> _Brief_
Give the data back exactly. Leave out any images.

> _Dataset section_
· · · · ·
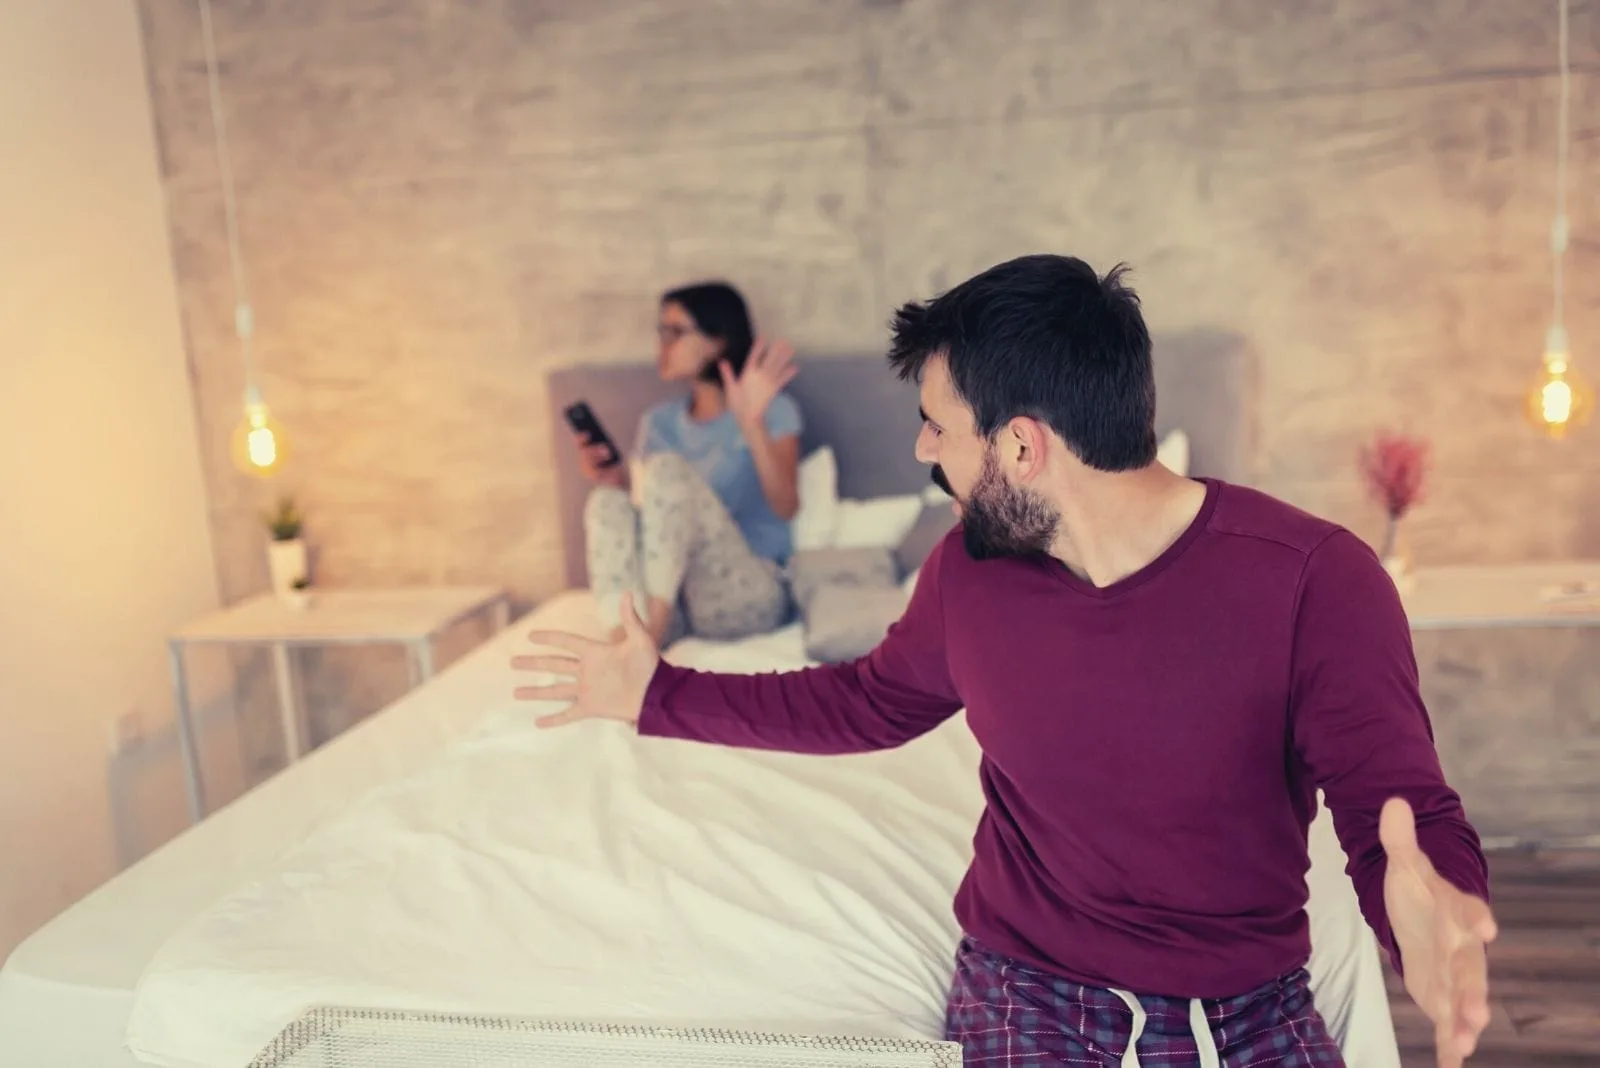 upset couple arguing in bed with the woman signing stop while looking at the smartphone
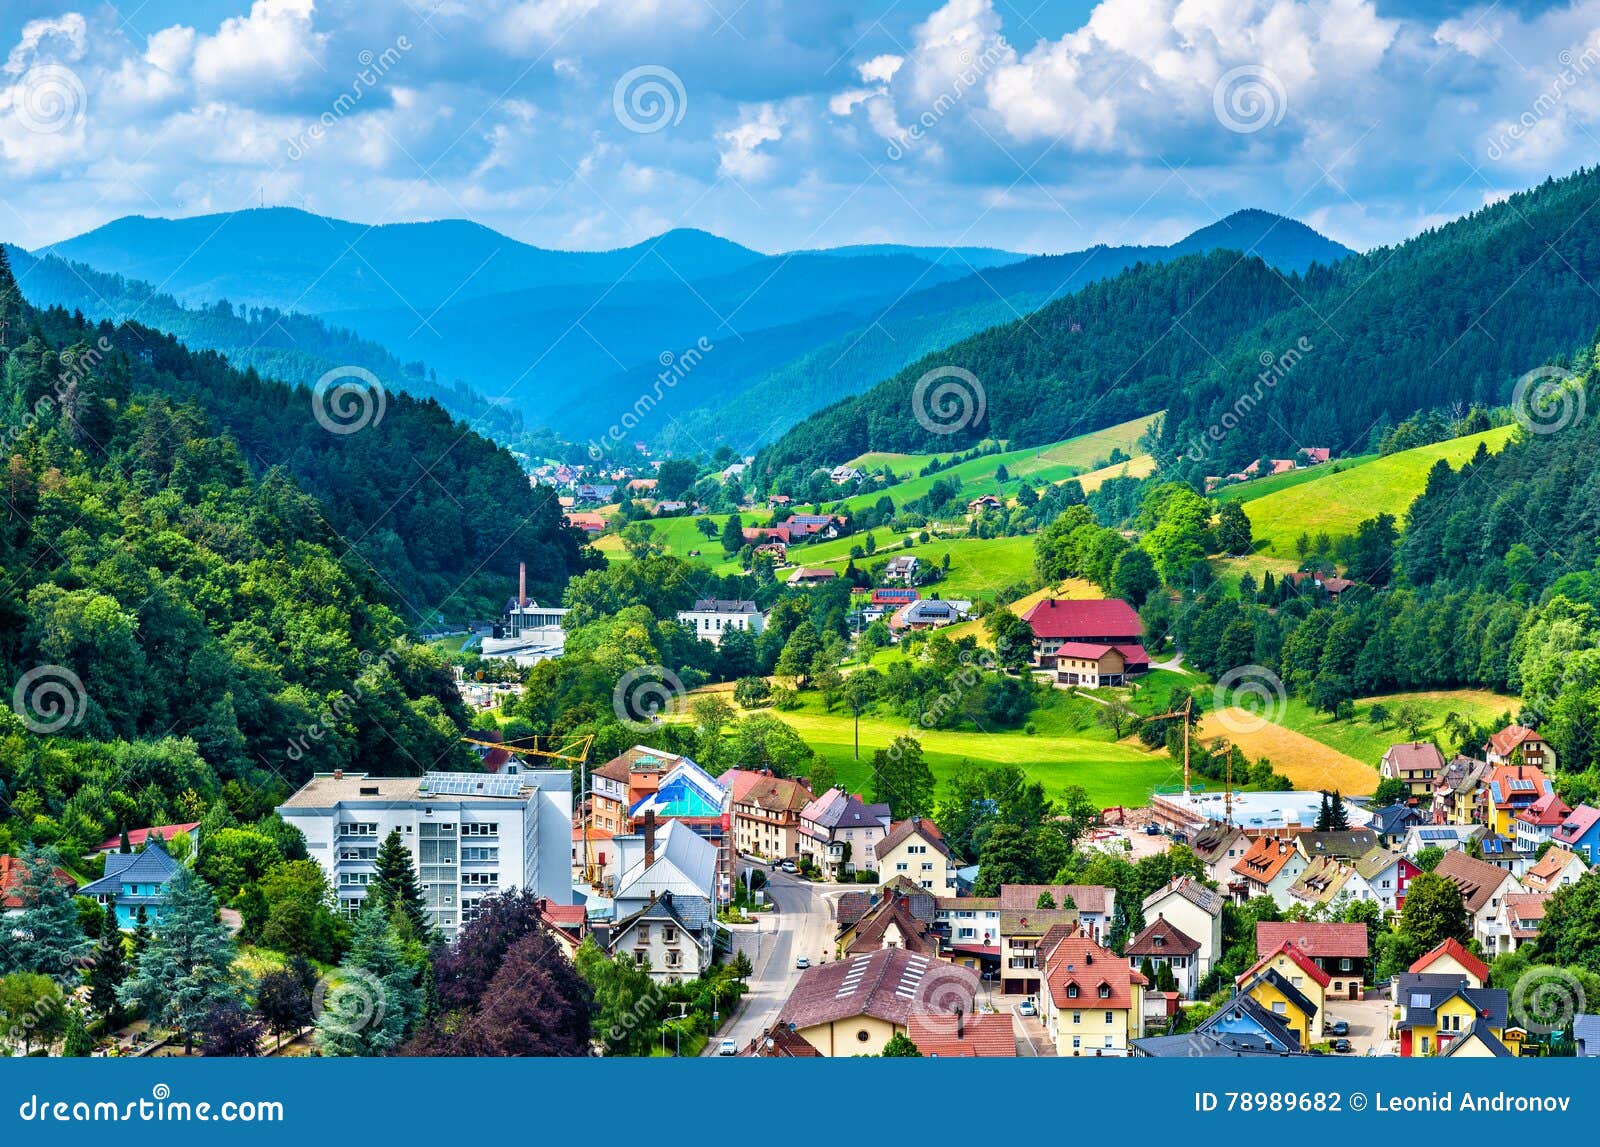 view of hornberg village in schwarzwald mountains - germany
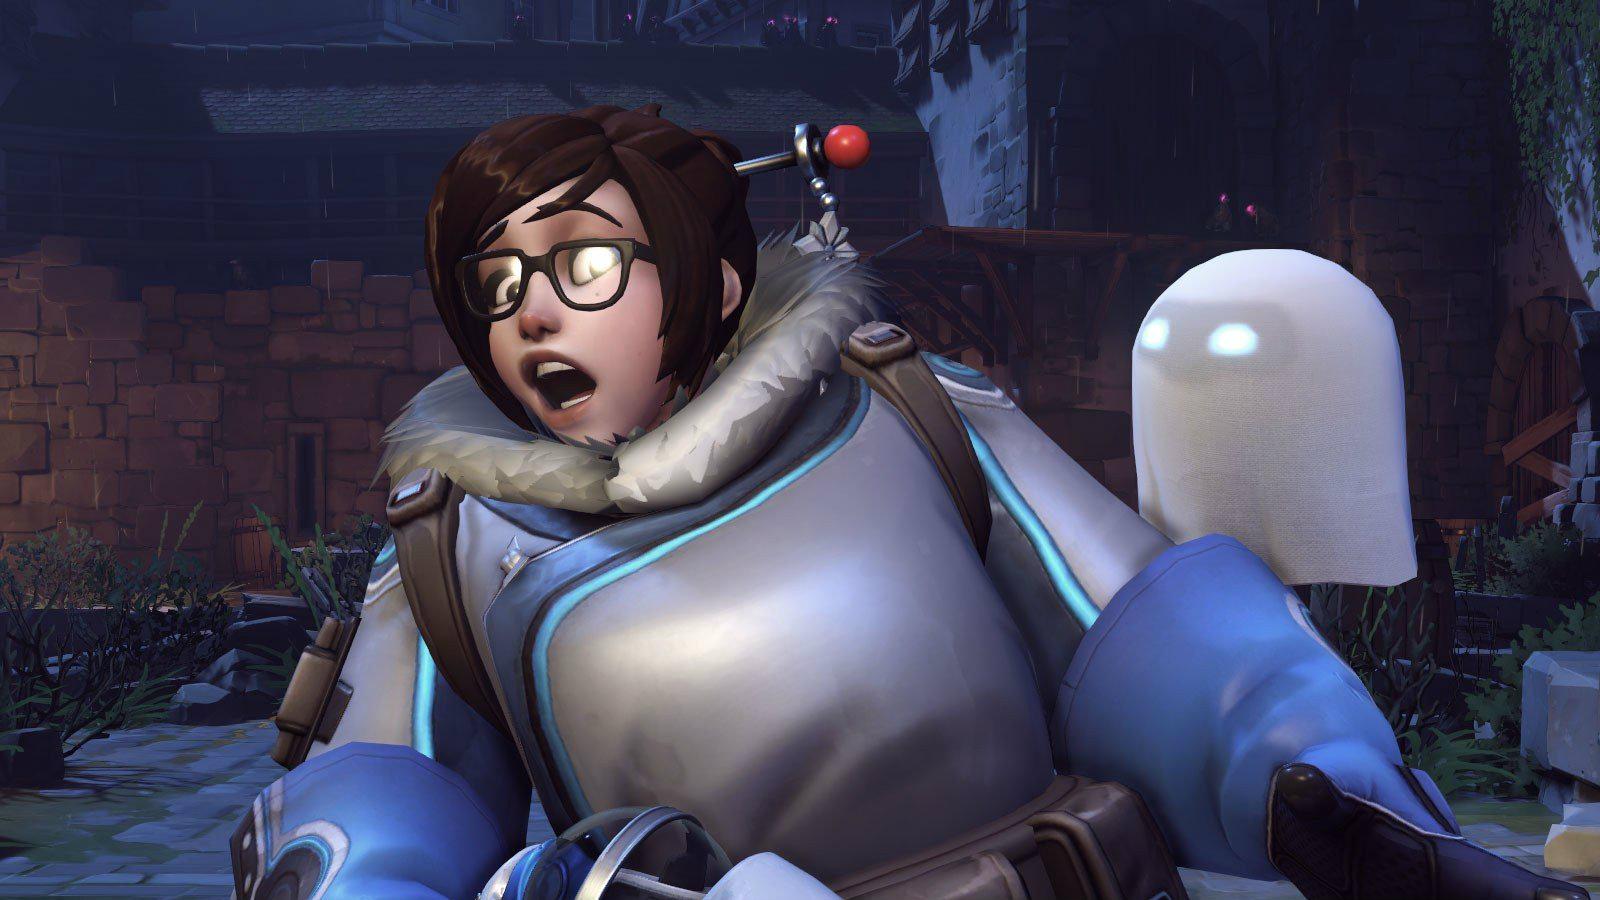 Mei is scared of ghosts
· · · · ·
> _Answer below_
 upset couple arguing in bed with the woman signing stop while looking at the smartphone
 view of hornberg village in schwarzwald mountains - germany
 Mei is scared of ghosts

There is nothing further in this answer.